One of the many storylines in this federal election was how many B.C. ridings the Conservatives would reclaim after a disastrous showing here four years ago. The Liberals jumped from two seats in 2011 to 17 last time, so a common school of thought was that many of these ridings would revert to blue this time around.
And that happened in places like Richmond, Ridge Meadows, Cloverdale, Mission and South Surrey-White Rock, where former Delta Conservative MP Kerry-Lynne Findlay knocked off Liberal incumbent Gordon Hogg. In Delta, however, where right-wing rebel John Cummins was elected six straight times, that was not the case as Liberal cabinet minister Carla Qualtrough was re-elected by a rather comfortable 4,000-vote margin.
With a Conservative resurgence in the province, it’s clear that Andrew Scheer’s message was resonating in friendly environs, yet in Delta, where you’d think it would be well received given historical results, it failed to move the needle. In fact, Conservative candidate Tanya Corbet only improved on Findlay’s popular vote total by a measly .3 per cent.

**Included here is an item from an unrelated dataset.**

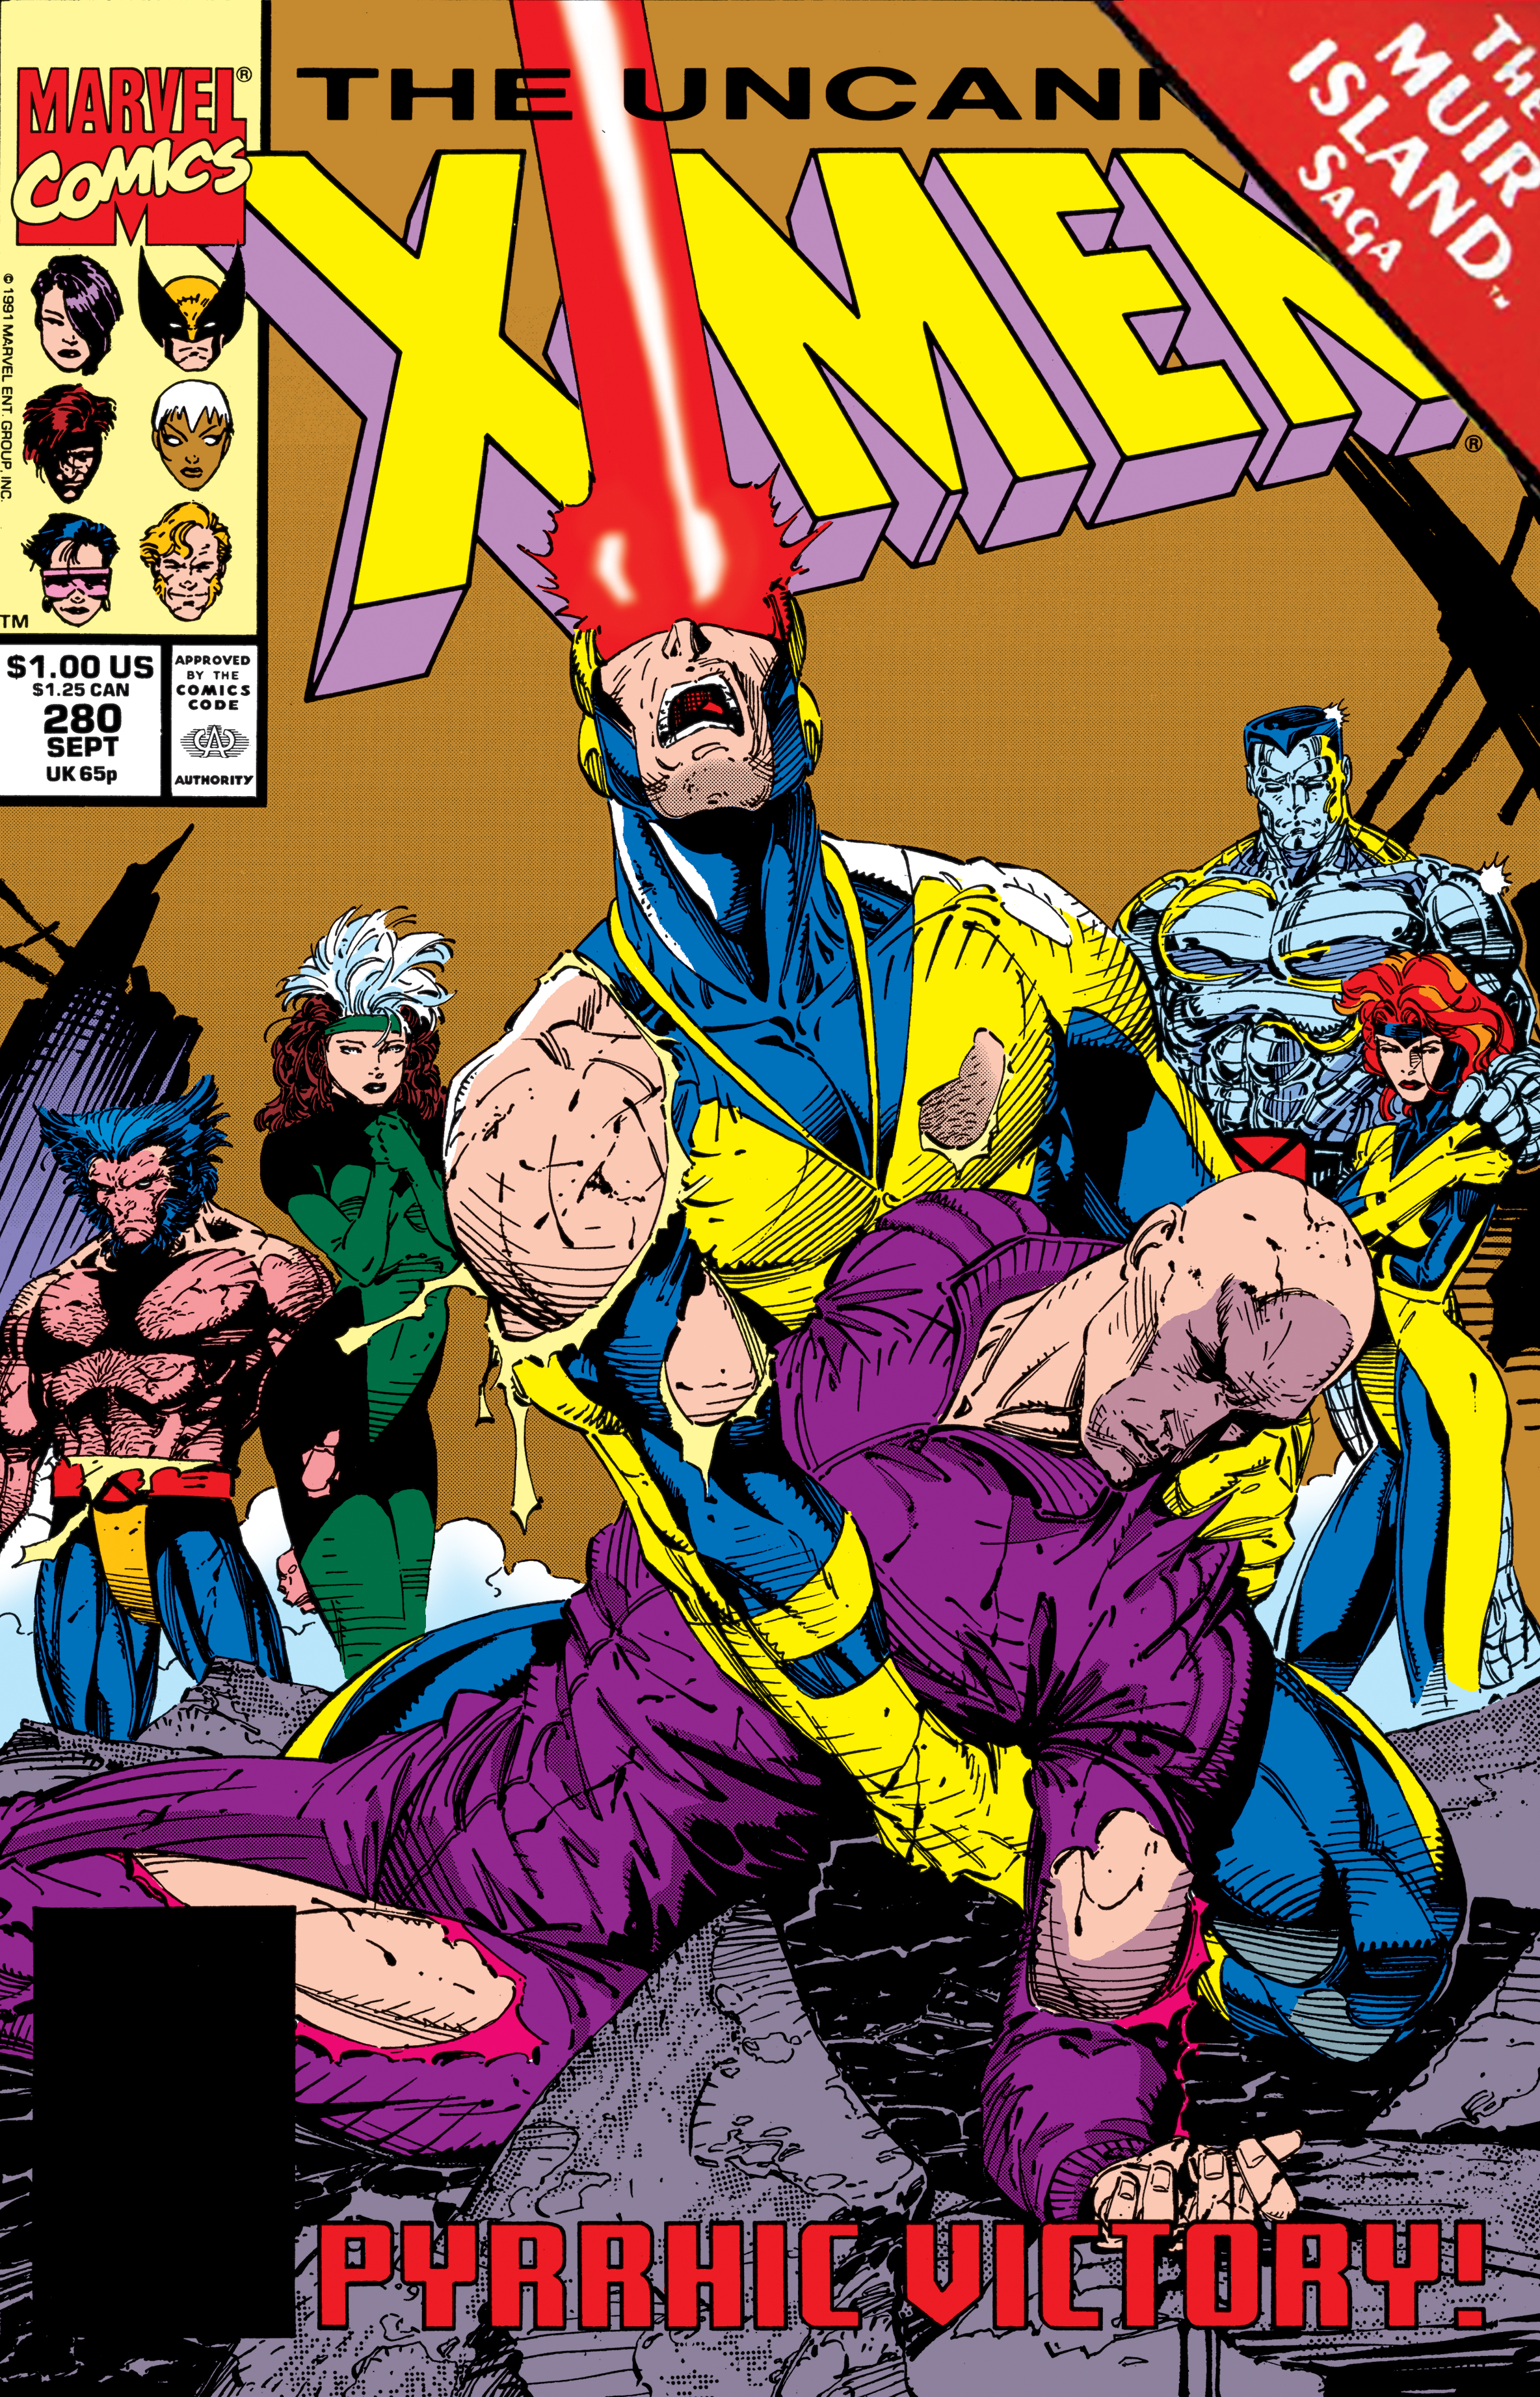 Uncanny X-Men (1963) #280

If the national campaign did enough to help Conservatives reclaim seats, then it stands to reason the outcome in Delta came down to the local level. That’s not to say Corbet is the reason for the loss as her resume and profile were more than adequate, although skipping candidate forums not of her liking didn’t do her, like her predecessor, any favours.
Rather, I think it’s a case of Qualtrough, who was very much in the right place at the right time in 2015, growing on the electorate to the point where a protest vote four years ago became a viable option this time around. It should be noted that Qualtrough’s share of the popular vote actually declined by seven per cent, dropping from 49 to 42, but rather than it going to Corbet to make it a real horse race, almost all of it was spread out among the bottom five candidates.
The blue wave showed up in B.C. as anticipated, but when it got to Delta it ran into a red force that hasn’t been seen in these parts in many decades.